In response to fan backlash against the addition of further Fire Emblem characters as DLC for Super Smash Bros. Ultimate, game director Masahiro Sakurai conceded that while characters from the series is overrepresented in the playable roster for Ultimate, he maintained that it is an unfounded concern and the development team are diligent in ensuring that each character along with the game as a whole would be balanced properly.

Appearances 
Roy's first video game appearance is 2001's Super Smash Bros. Melee. He was reintroduced into the series as downloadable content (DLC) for Super Smash Bros for Nintendo 3DS and Wii U, and appears as part of the base roster in the series' 2018 entry, Super Smash Bros. Ultimate.

Roy is the lead character of Fire Emblem: The Binding Blade. The story begins when King Zephiel, ruler of the kingdom of Bern, finishes the brutal conquest of Ilia and Sacae and sets his sights on Lycia. In a small region called Pherae, Roy, the son of Pherae's ruling marquess Eliwood, is forced to return home when Bern begins its invasion. As Eliwood is unable to battle due to illness, Roy is assigned command of Lycia's army. Eventually, Roy assumes command of the army of Etruria.

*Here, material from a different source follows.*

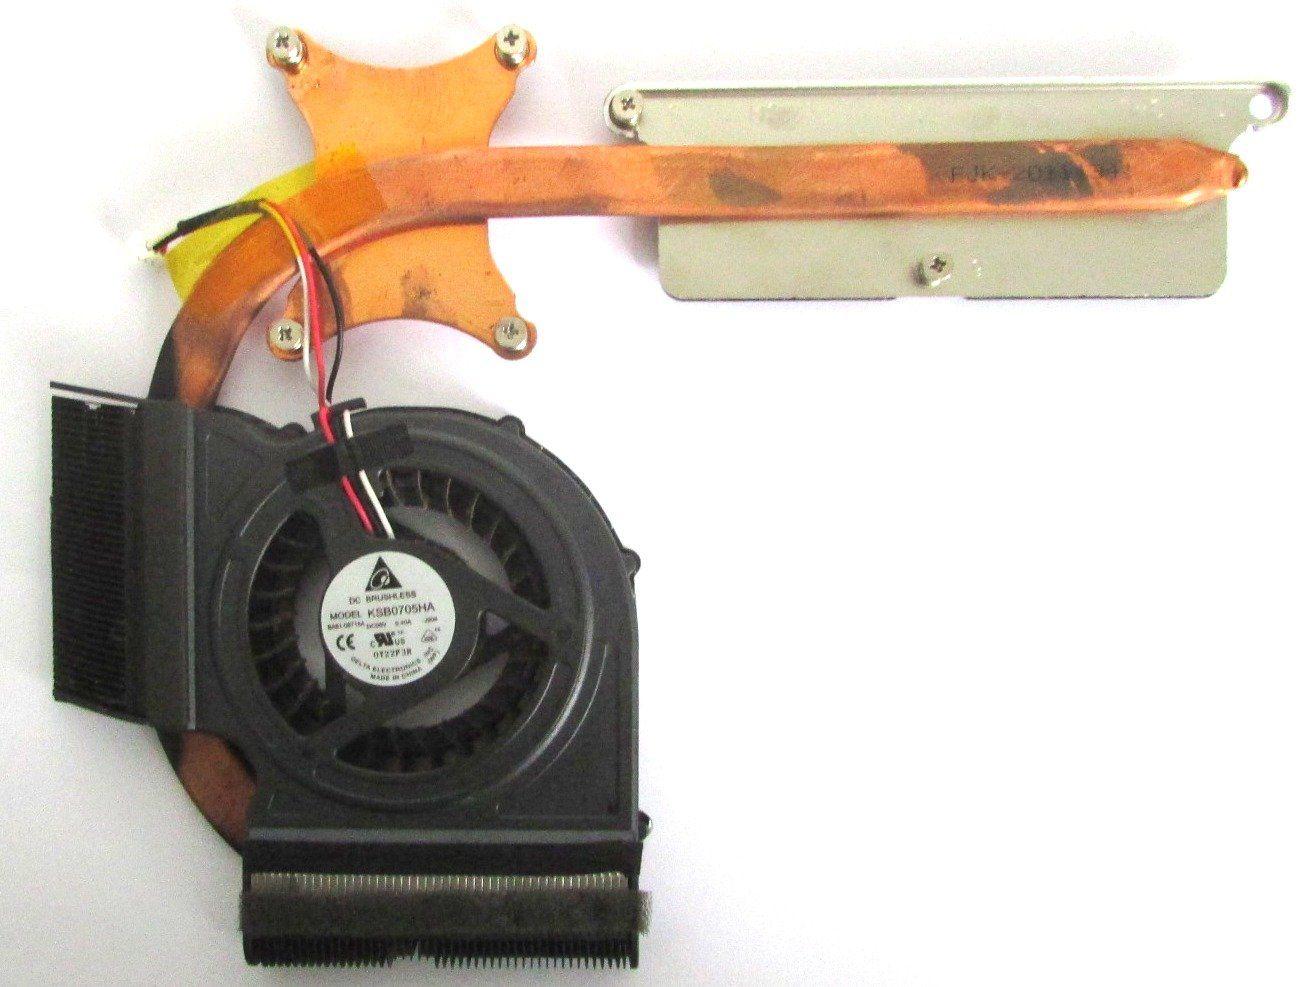 Cooler + Dissipador P/ Samsung  Ba62-00510a 0m102708 (semi novo)

The next instalment after The Binding Blade, Fire Emblem: The Blazing Blade, is a prequel which features a younger Eliwood as one of its protagonists. Roy appears during the game's epilogue, where Eliwood reunites with his comrade Hector and their respective children are introduced to each other. Roy is available as a playable character in Fire Emblem Awakening as DLC. Roy also appears in Fire Emblem Heroes. He later appears as an Emblem character in Fire Emblem Engage.

In other media
Roy appears in the Fire Emblem: The Champion's Blade manga, first published prior to the release of The Binding Blade and takes place concurrently with the events of the game. Roy does not reappear in the 2008 entry Super Smash Bros. Brawl, but was remade in a notable fanmade mod known as Project M.

Promotion and merchandise
To promote his appearance in Super Smash Bros for Nintendo 3DS and Wii U, an amiibo figure of Roy was featured as an exclusive release at GameStop. In 2019, plushies depicting Roy and other Fire Emblem characters were released.

Reception 
Roy's appearance in Melee, alongside Marth's, introduced the Fire Emblem series to players outside of Japan. It was in part because of his inclusion that Nintendo began localizing and releasing Fire Emblem games internationally, beginning with the seventh title in the series. Due to the popular demand from Japanese fans, Roy was added in Super Smash Bros. for Nintendo 3DS and Wii U as a DLC character. Chris Carter from Destructoid welcomed Nintendo's decision to reintroduce Roy and considered him his "personal favorite", although he found that the character played quite differently  in Super Smash Bros. for Nintendo 3DS and Wii U compared to his previous iteration in Melee or to other Fire Emblem characters.

On the other hand, Roy's continued presence in the Smash series had invited criticism from some quarters. In 2007, Lucas M. Thomas from IGN said that Roy's moveset in Melee overlapped too much with Marth's and drew an unfavorable comparison to Ike, a playable character set to be introduced in 2008's Super Smash Bros. Brawl and whom Thomas perceived to be more distinctive. Gavin Jasper of Den of Geek downplayed Roy's significance, and claimed that the character was added to Melee as a gamble because The Binding Blade was still under development at the time and Nintendo wanted to promote the game well ahead of its release. Cecilia D'Anastasio criticized Roy for being the same sword fighter character archetype as fellow Fire Emblem characters Lucina, Marth and Chrom, all of whom were set to be included in the playable roster of Ultimate. Commenting on Roy's 30th-place ranking on a 2018 tier list of Smash playable characters published by Polygon shortly before the game launched, Jeremy Parish expressed a preference for Roy Koopa, a Koopaling character instead.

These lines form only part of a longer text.